>>>>>
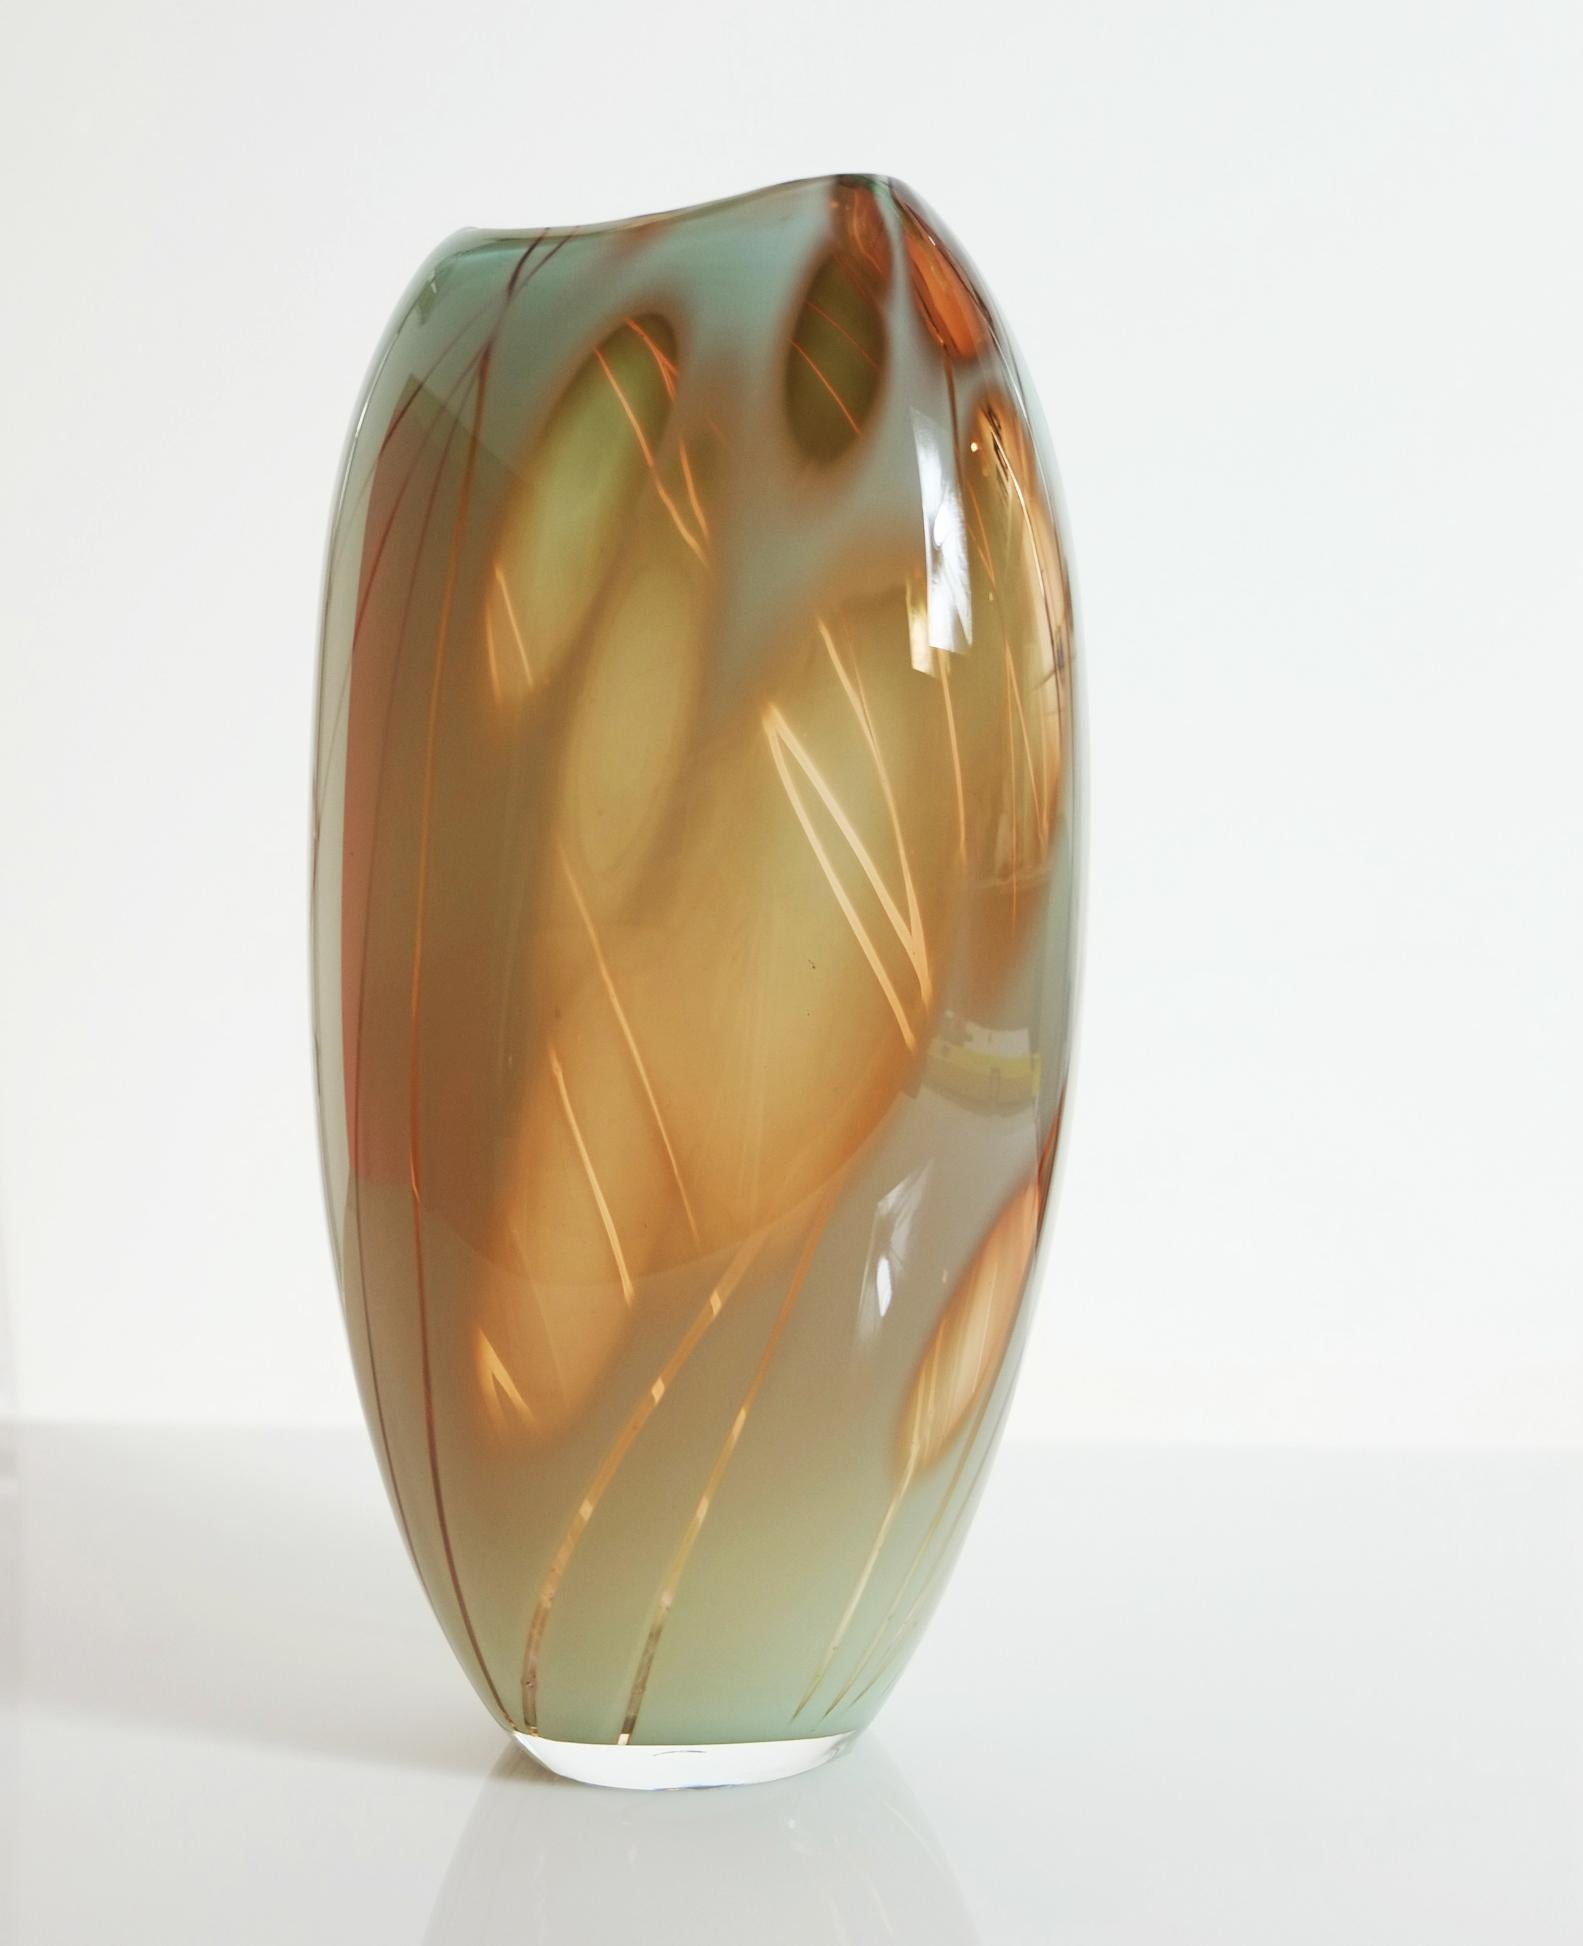 Das Glasgefäß Dianthus wurde von der Pflanze inspiriert und besteht aus Celaden- und Aprikosenglas.
Es wurde mit der klassischen schwedischen Graal-Technik hergestellt, bei der das Muster auf einer Drehbank mit Hilfe von Diamantgravurscheiben von
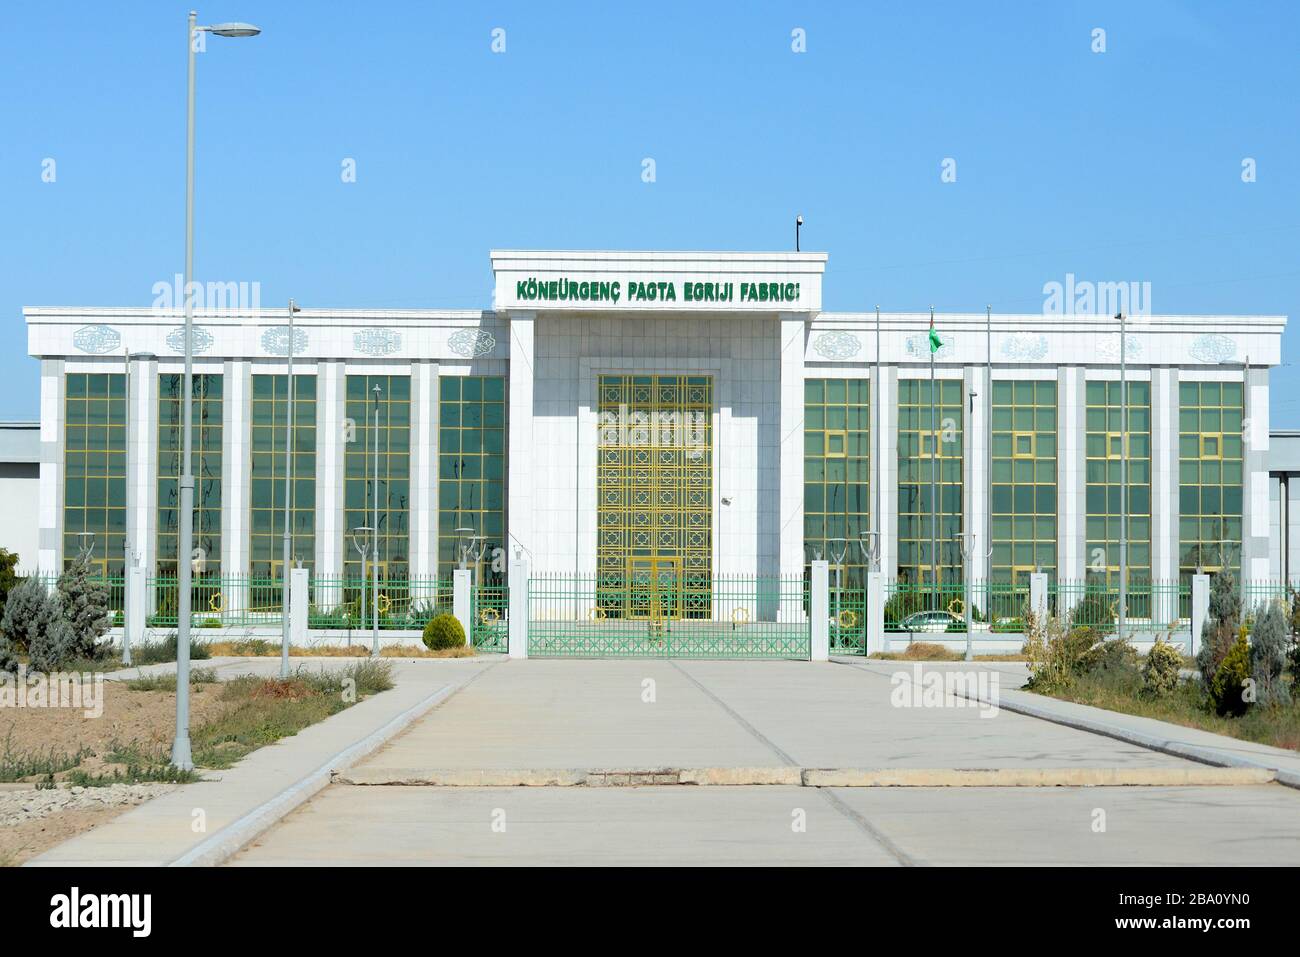 Fassade der Koneurgench Cotton Spinning Factory in Dashoguz, Turkmenistan. Mit weißem Marmor gebaut und mit Gold verziert. Turkmenische Textilindustrie. Stockfoto
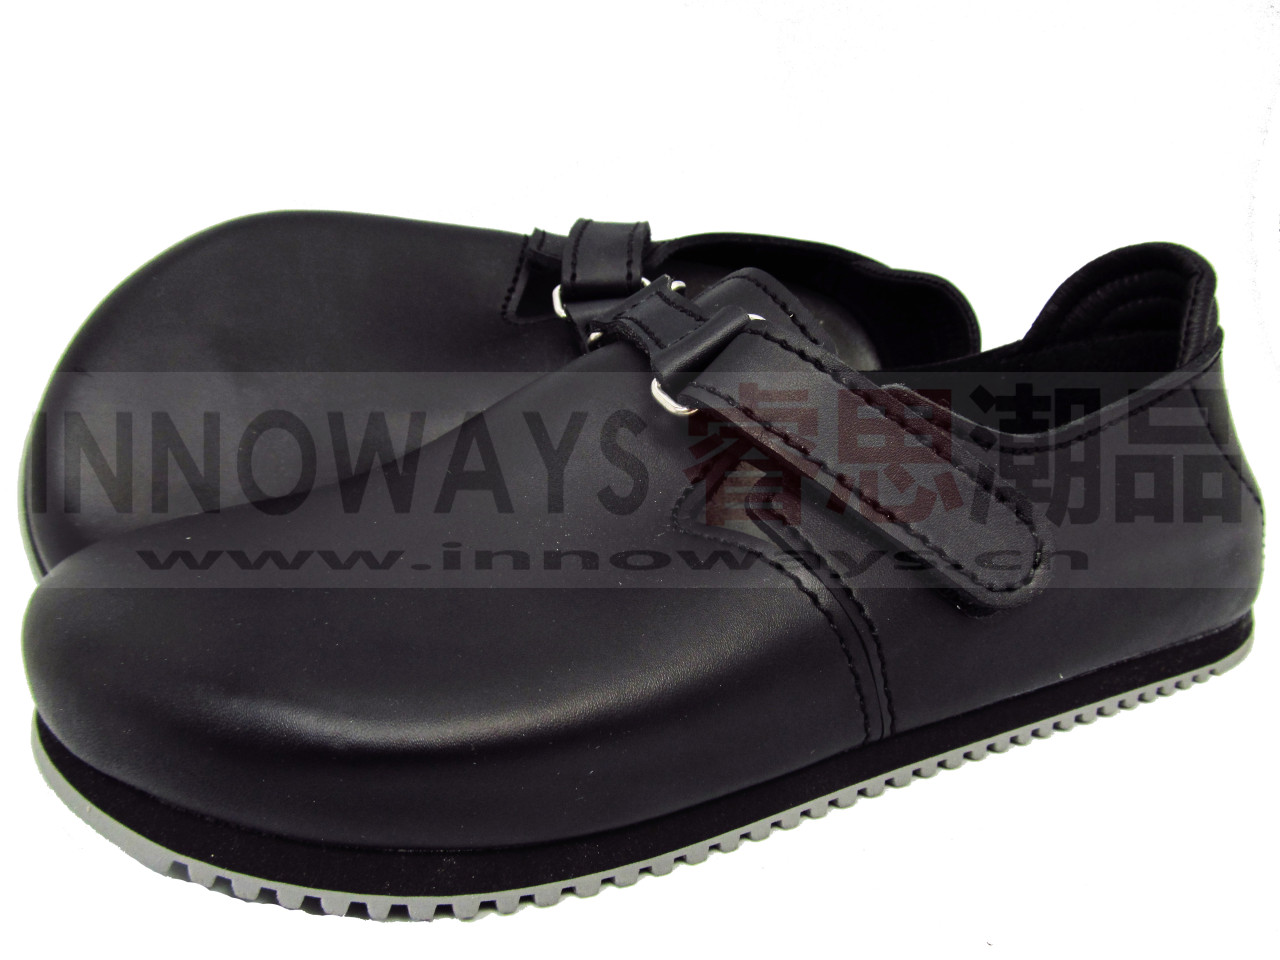 Birkenstock alpro all-inclusive protective shoes g500 super non-slip ...
<<<<<
--- PROBLEM DETAILS ---
Return the material exactly as it reads, though without the pictures it holds.

--- WRITTEN SOLUTION ---
 Das Glasgefäß Dianthus wurde von der Pflanze inspiriert und besteht aus Celaden- und Aprikosenglas.
Es wurde mit der klassischen schwedischen Graal-Technik hergestellt, bei der das Muster auf einer Drehbank mit Hilfe von Diamantgravurscheiben von
 Fassade der Koneurgench Cotton Spinning Factory in Dashoguz, Turkmenistan. Mit weißem Marmor gebaut und mit Gold verziert. Turkmenische Textilindustrie. Stockfoto
 Birkenstock alpro all-inclusive protective shoes g500 super non-slip ...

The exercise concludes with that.